**WHAT NEEDS TO BE DONE**
Exactly the lines from the line that has "قیمت کیف پول و موبایل چرم زانکو مدل KM-220" through the final line below are to be retyped, and the pictures are not.
Start of INPUT DATA
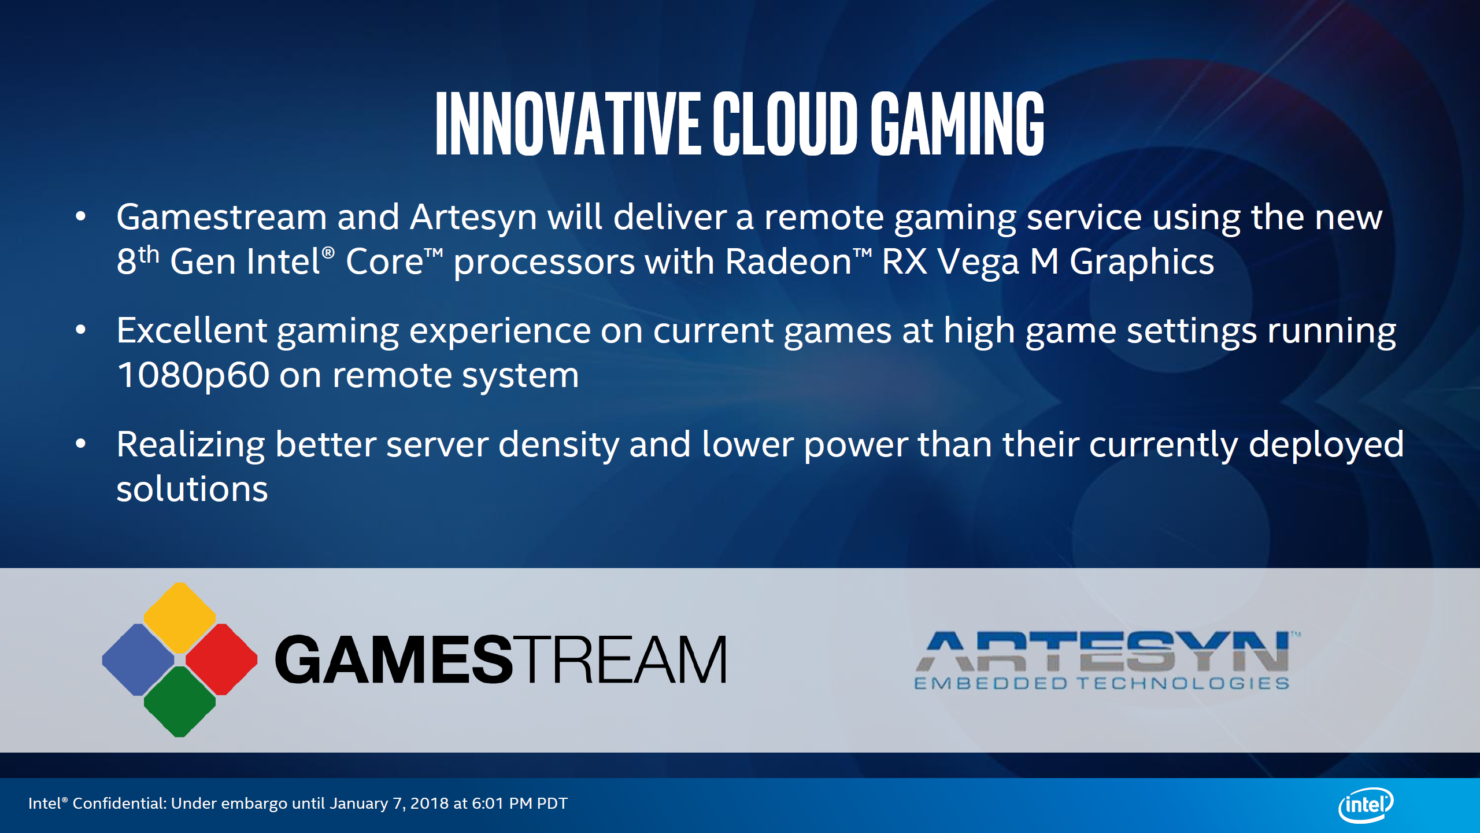 intel-8th-generation-core-processors-with-amd-radeon-rx-vega-m-graphics_24-2
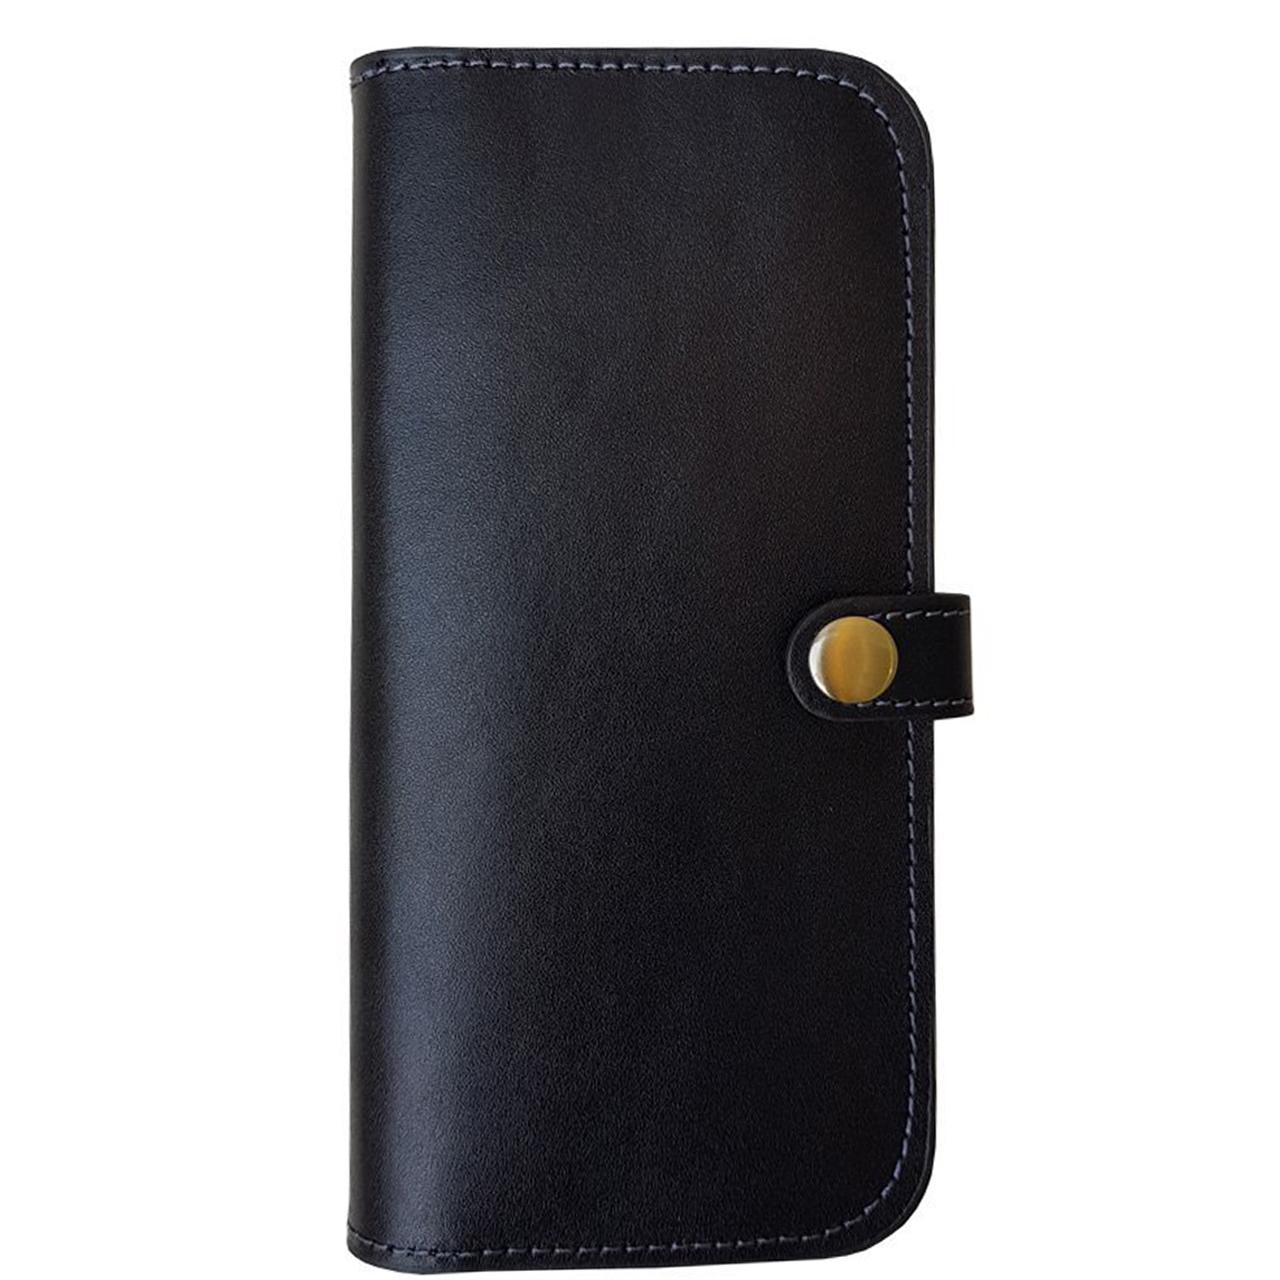 قیمت کیف پول و موبایل چرم زانکو مدل KM-220
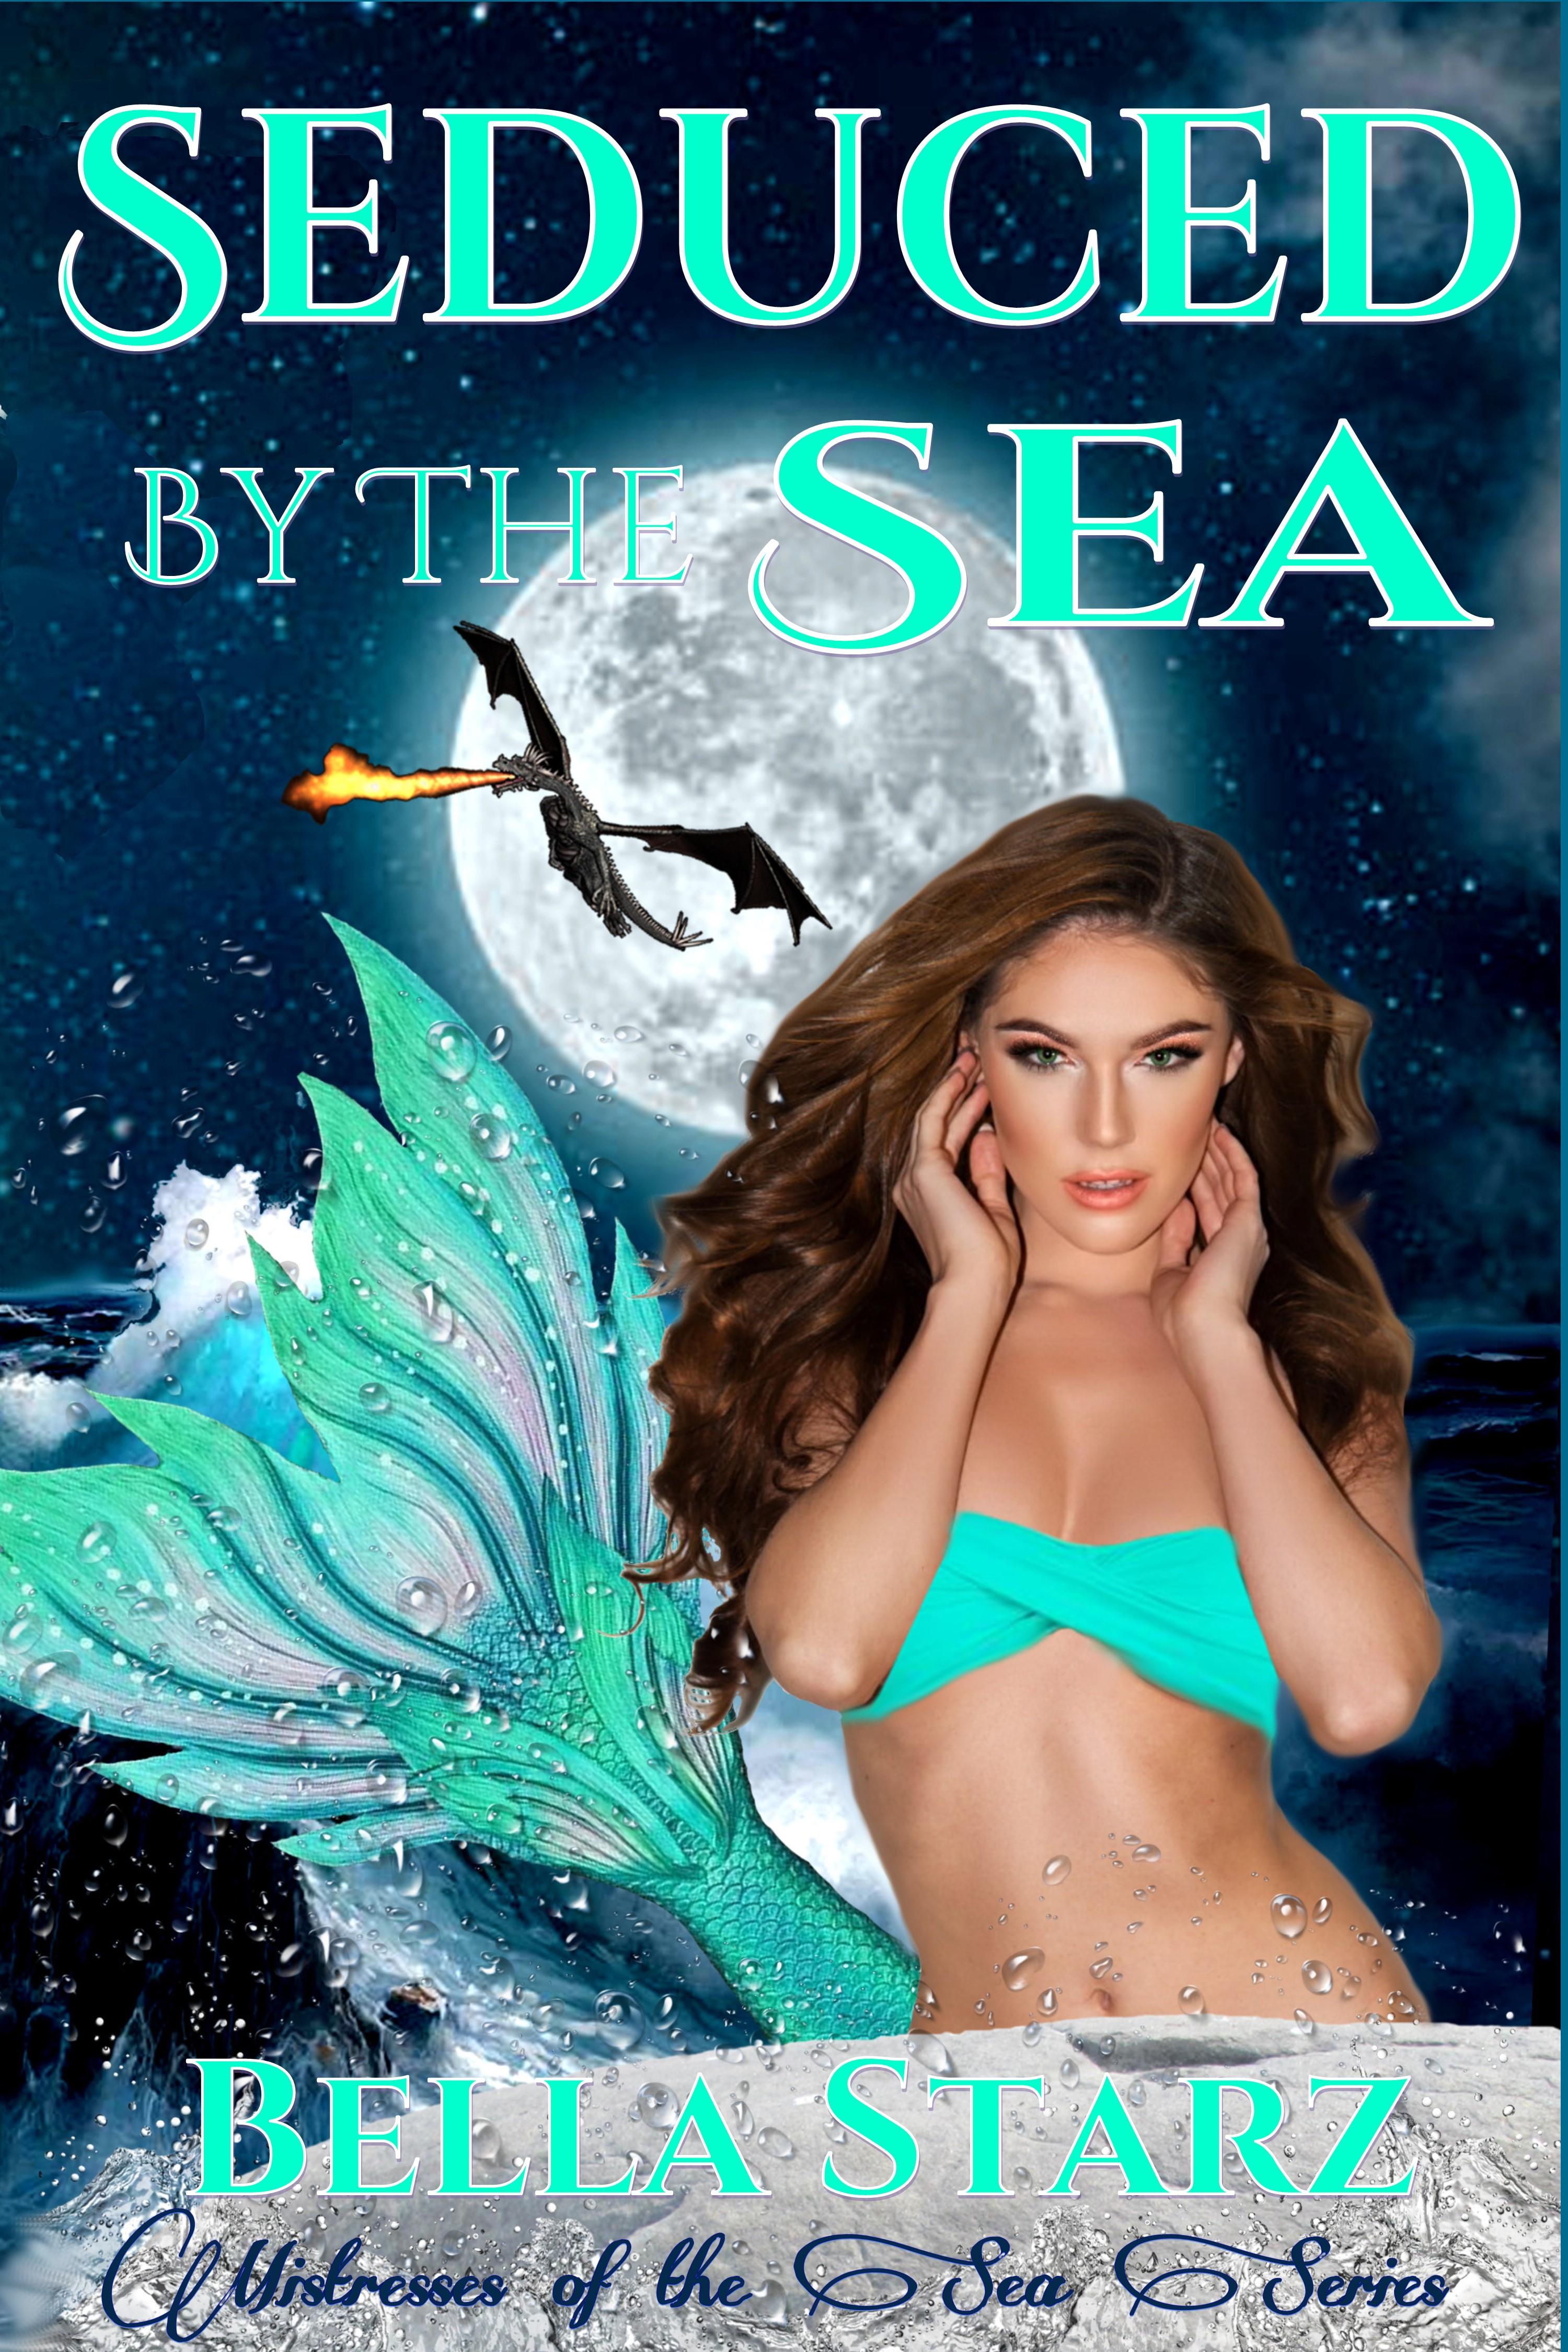 Seduced By The Sea
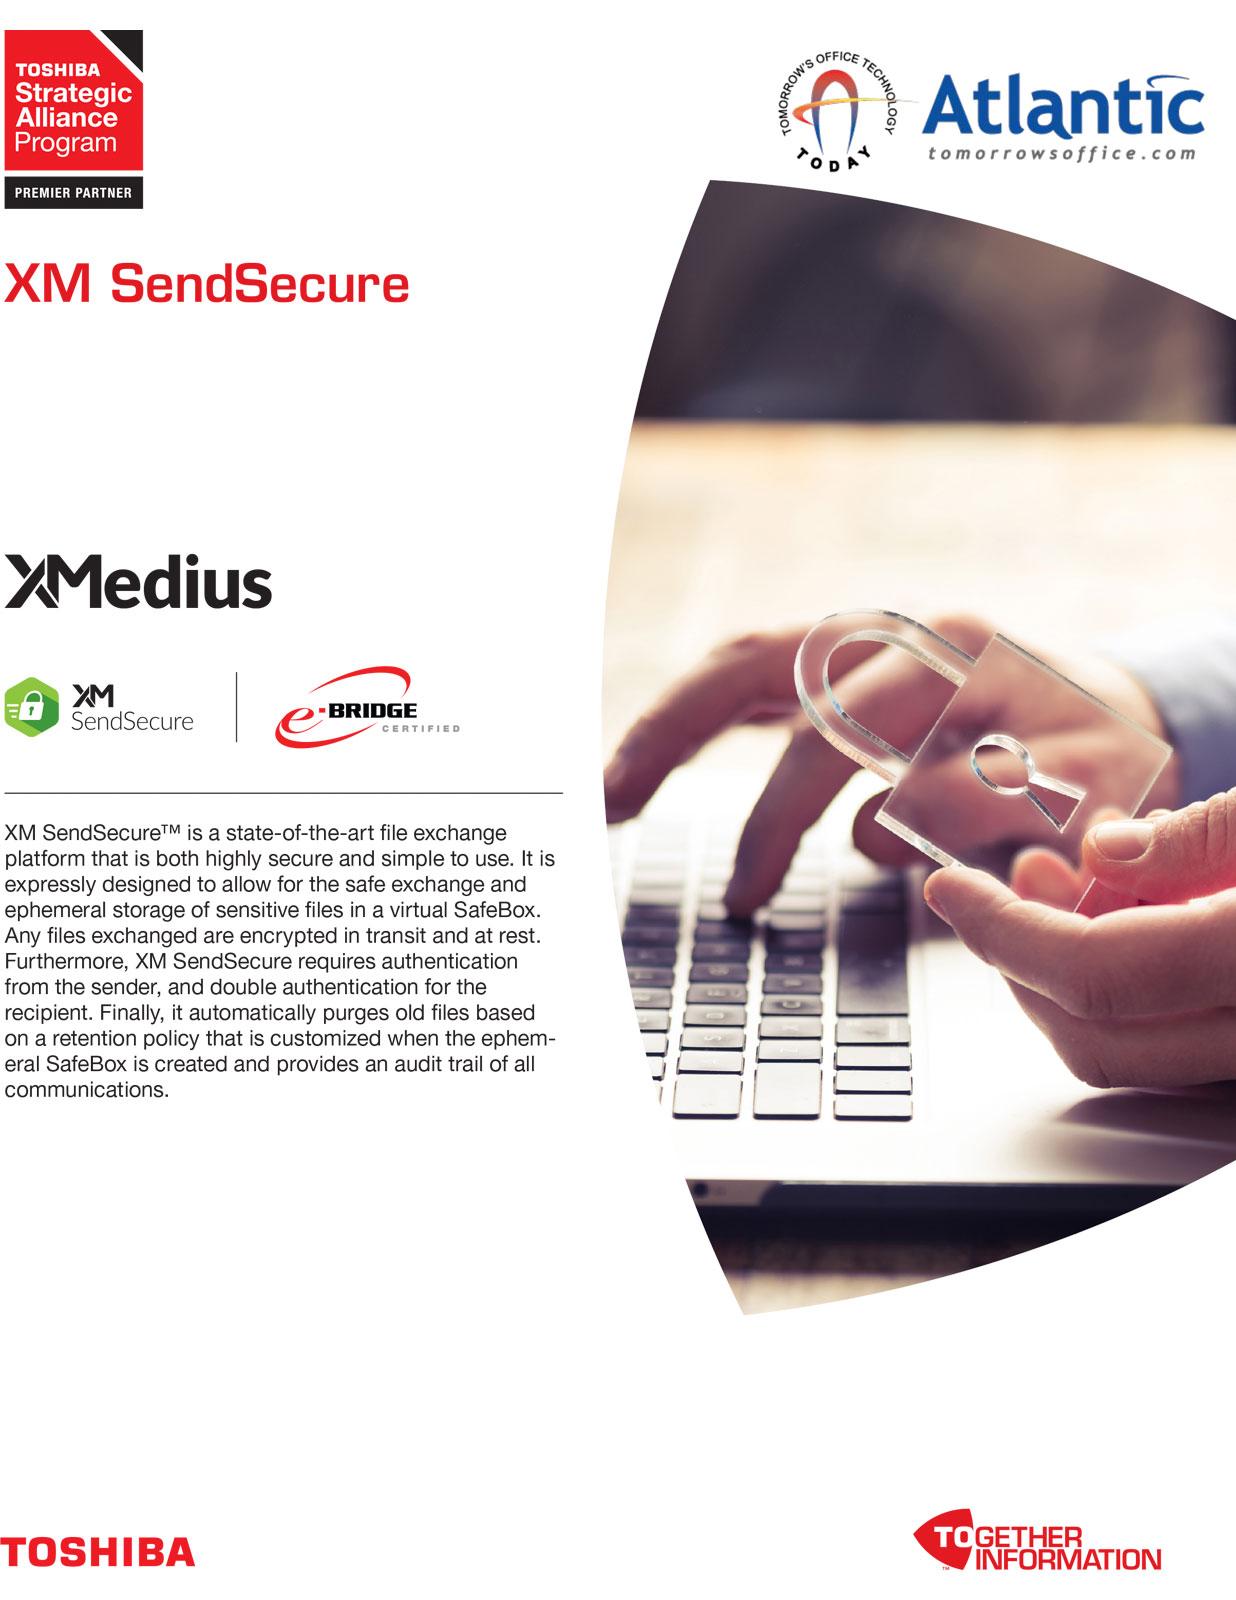 XM Fax Cloud XMedius
End of INPUT DATA
**TASK SOLUTION**
 قیمت کیف پول و موبایل چرم زانکو مدل KM-220
 Seduced By The Sea
 XM Fax Cloud XMedius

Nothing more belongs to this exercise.